Exercise goal
Omit all pictures, then repeat the listing exactly.

Provided material

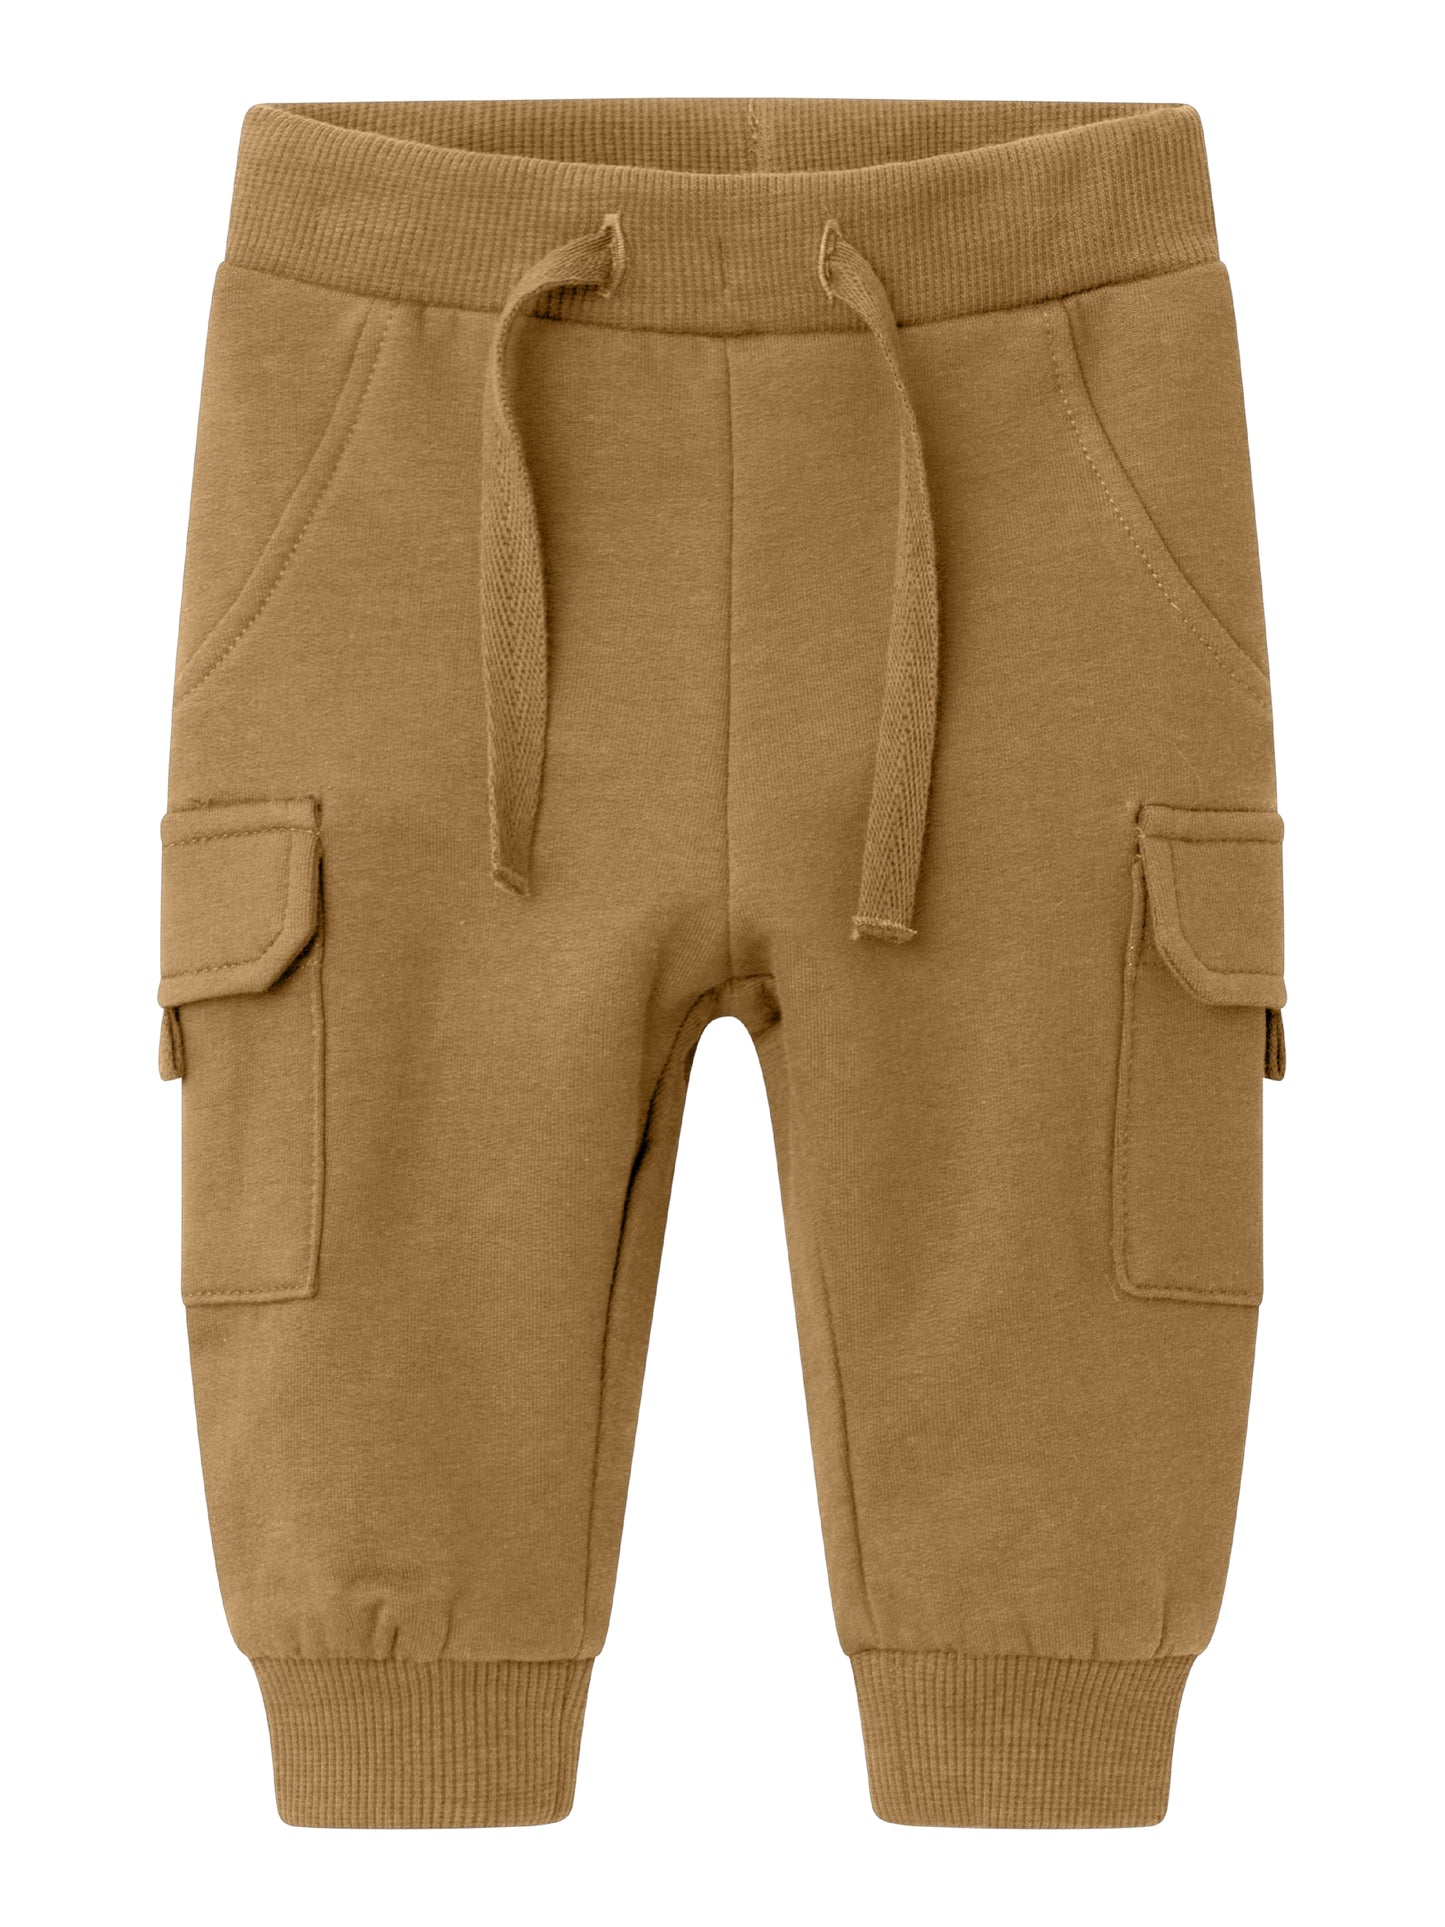 Name it - cargo pants - Bone brown
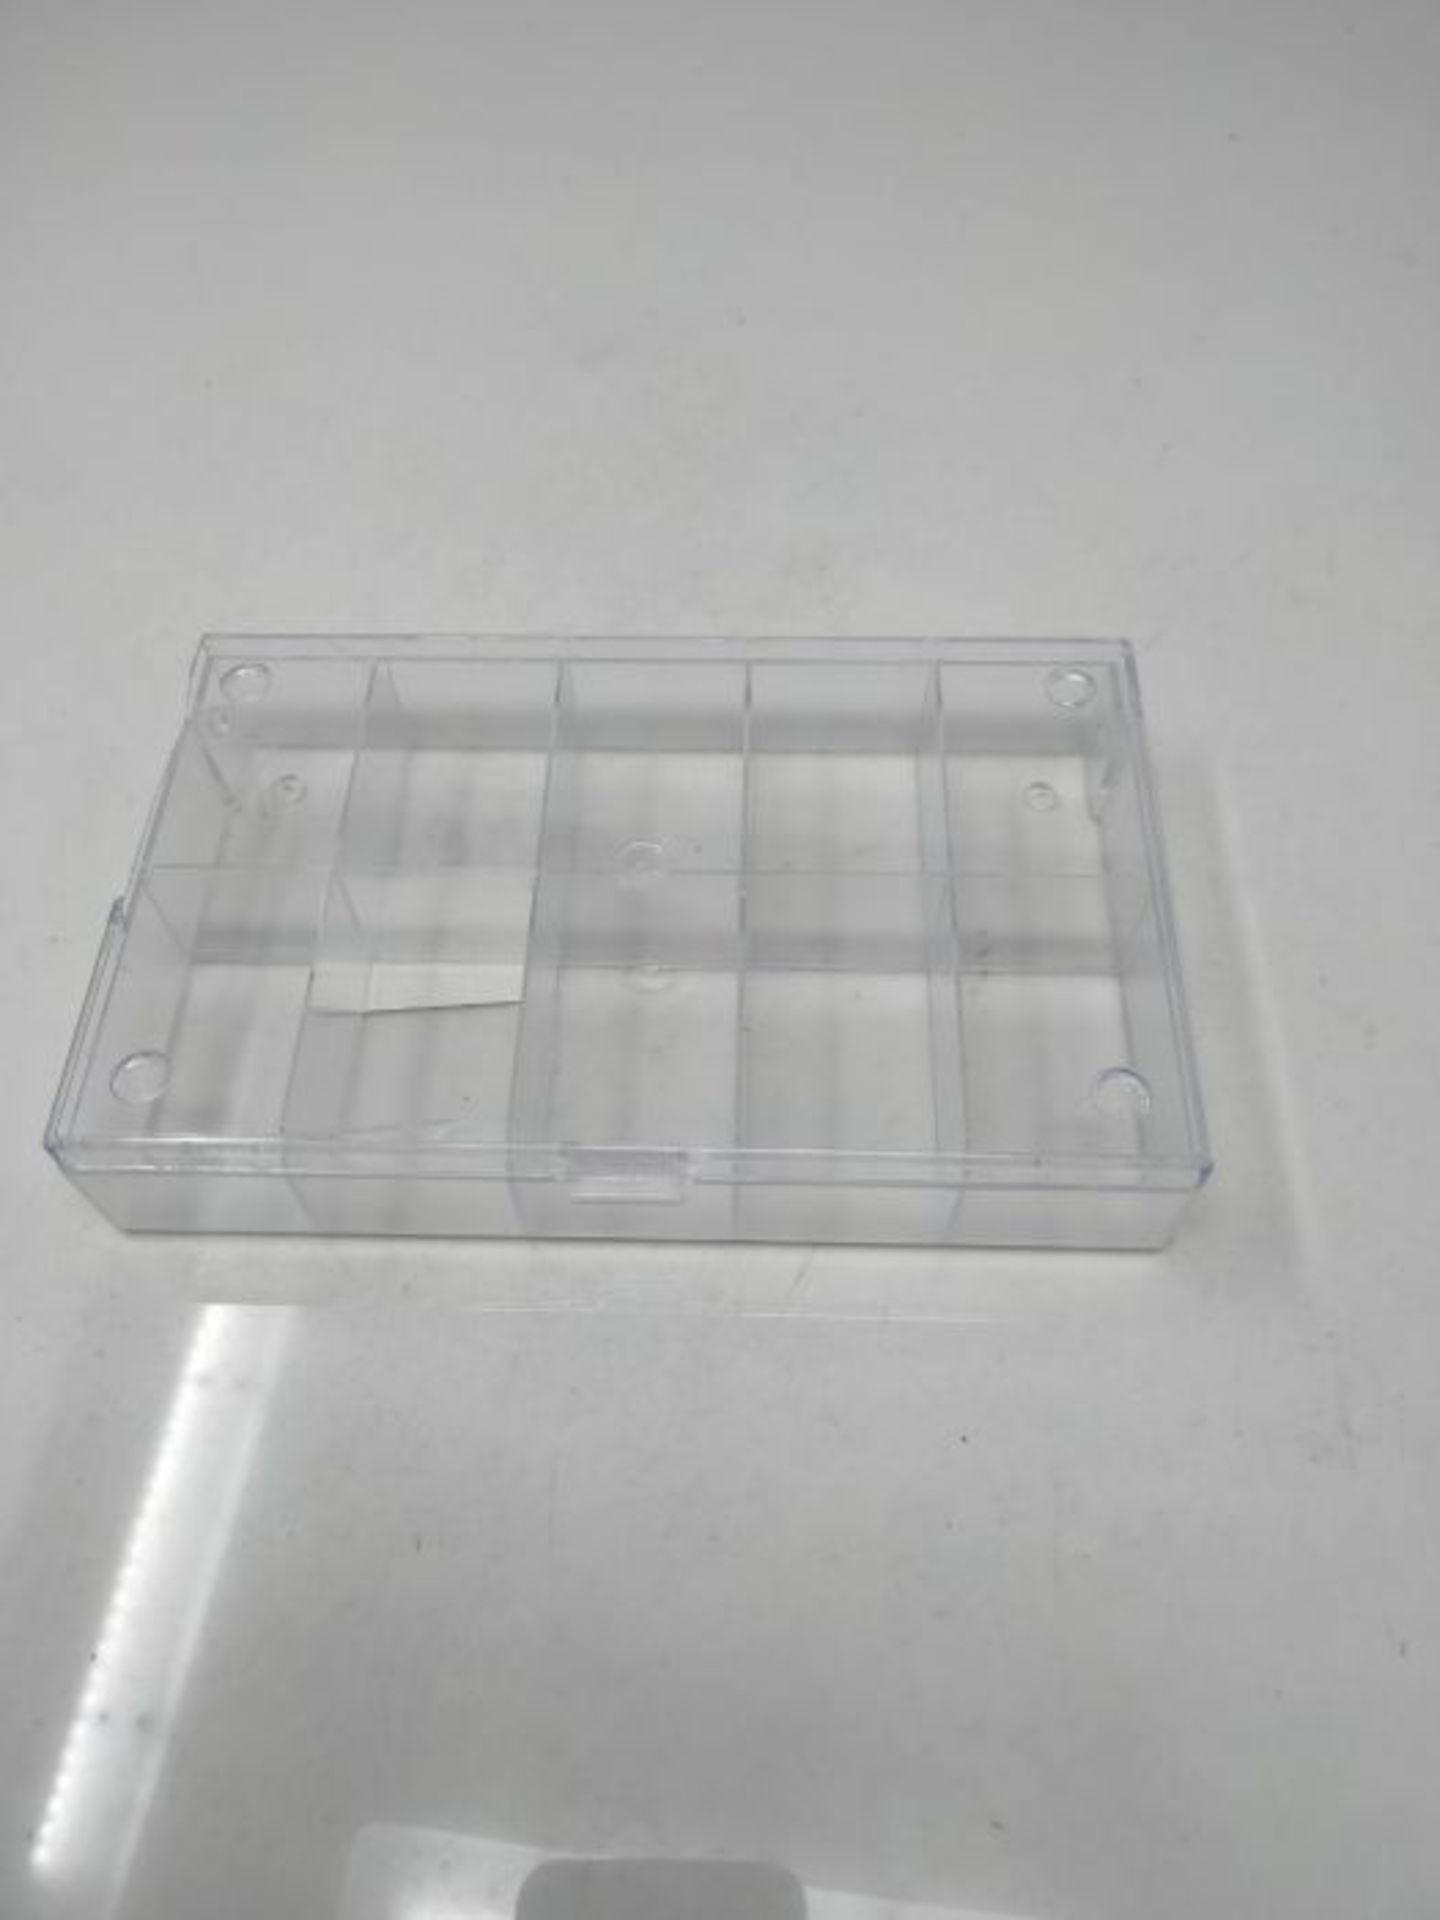 Hipner dowel assortment box (L x W x H) 164 x 31 x 101 mm, number of compartments: 10 - Image 2 of 2
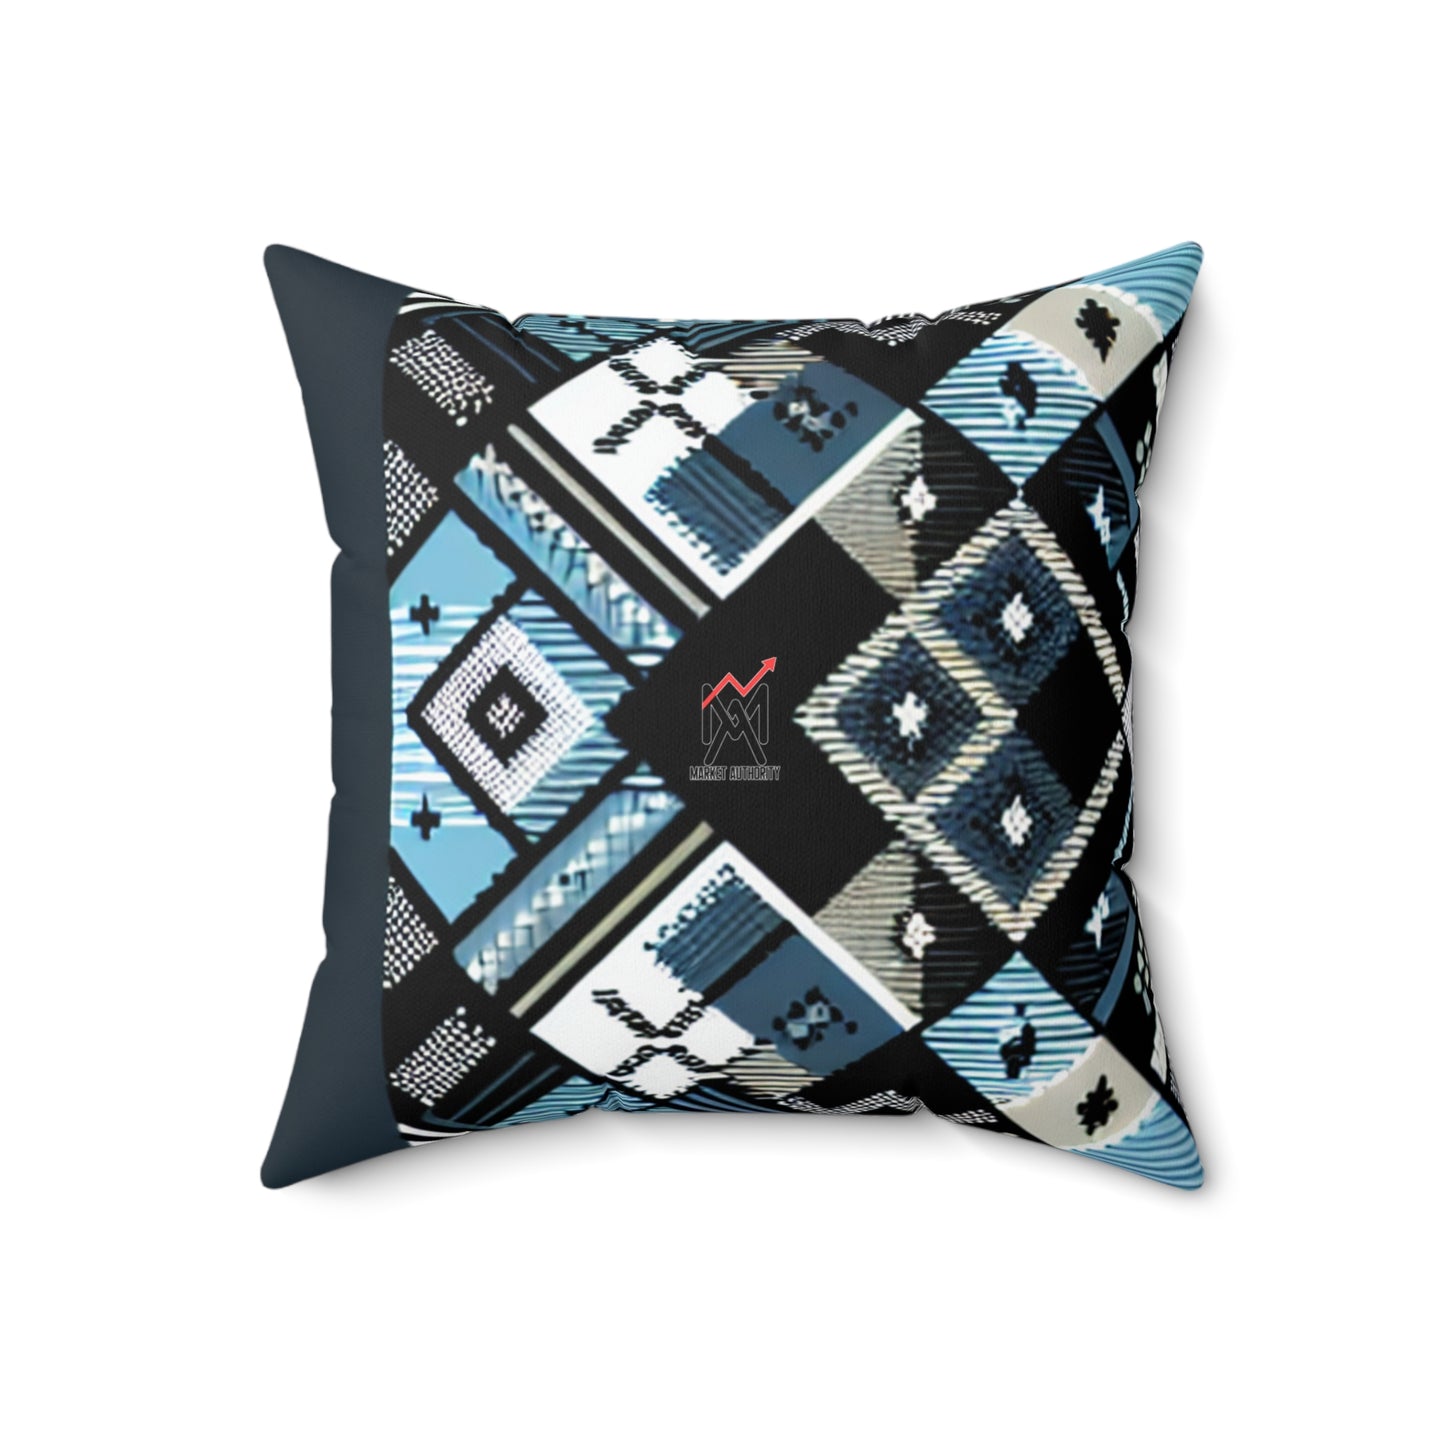 Aztec-Inspired Geometric Pillow
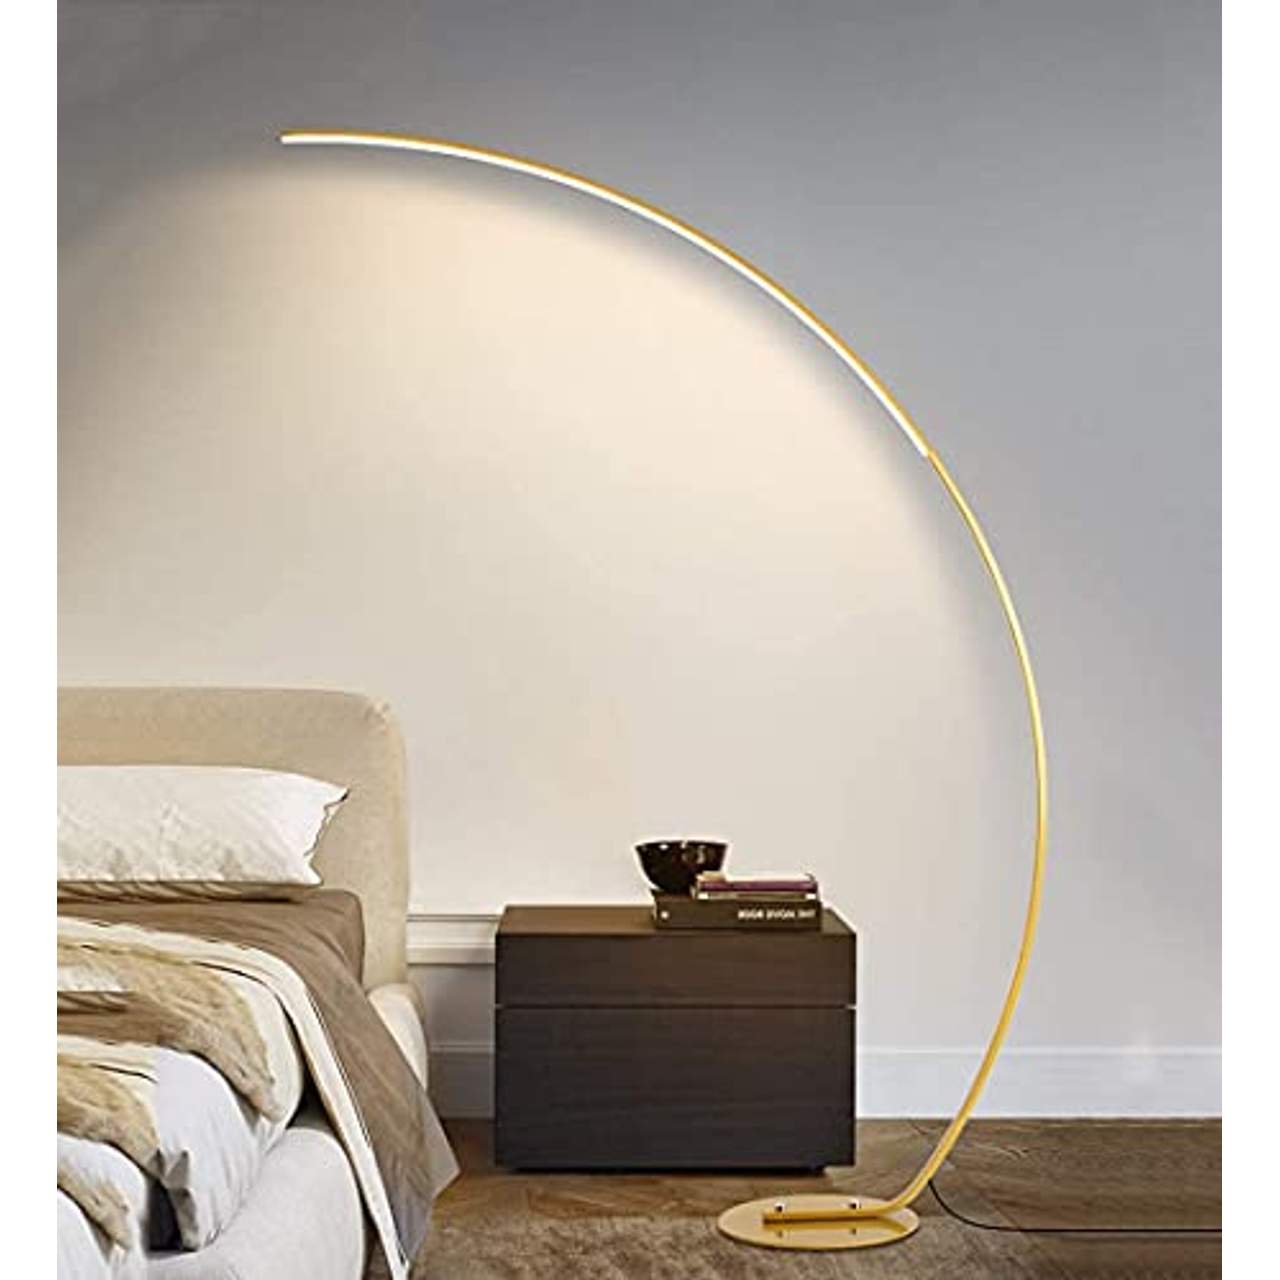 LED Bogenlampe Dimmbar Wohnzimmer Stehlampe Gold

Expected output
 Name it - cargo pants - Bone brown
 Hipner dowel assortment box (L x W x H) 164 x 31 x 101 mm, number of compartments: 10 - Image 2 of 2
 Aztec-Inspired Geometric Pillow
 LED Bogenlampe Dimmbar Wohnzimmer Stehlampe Gold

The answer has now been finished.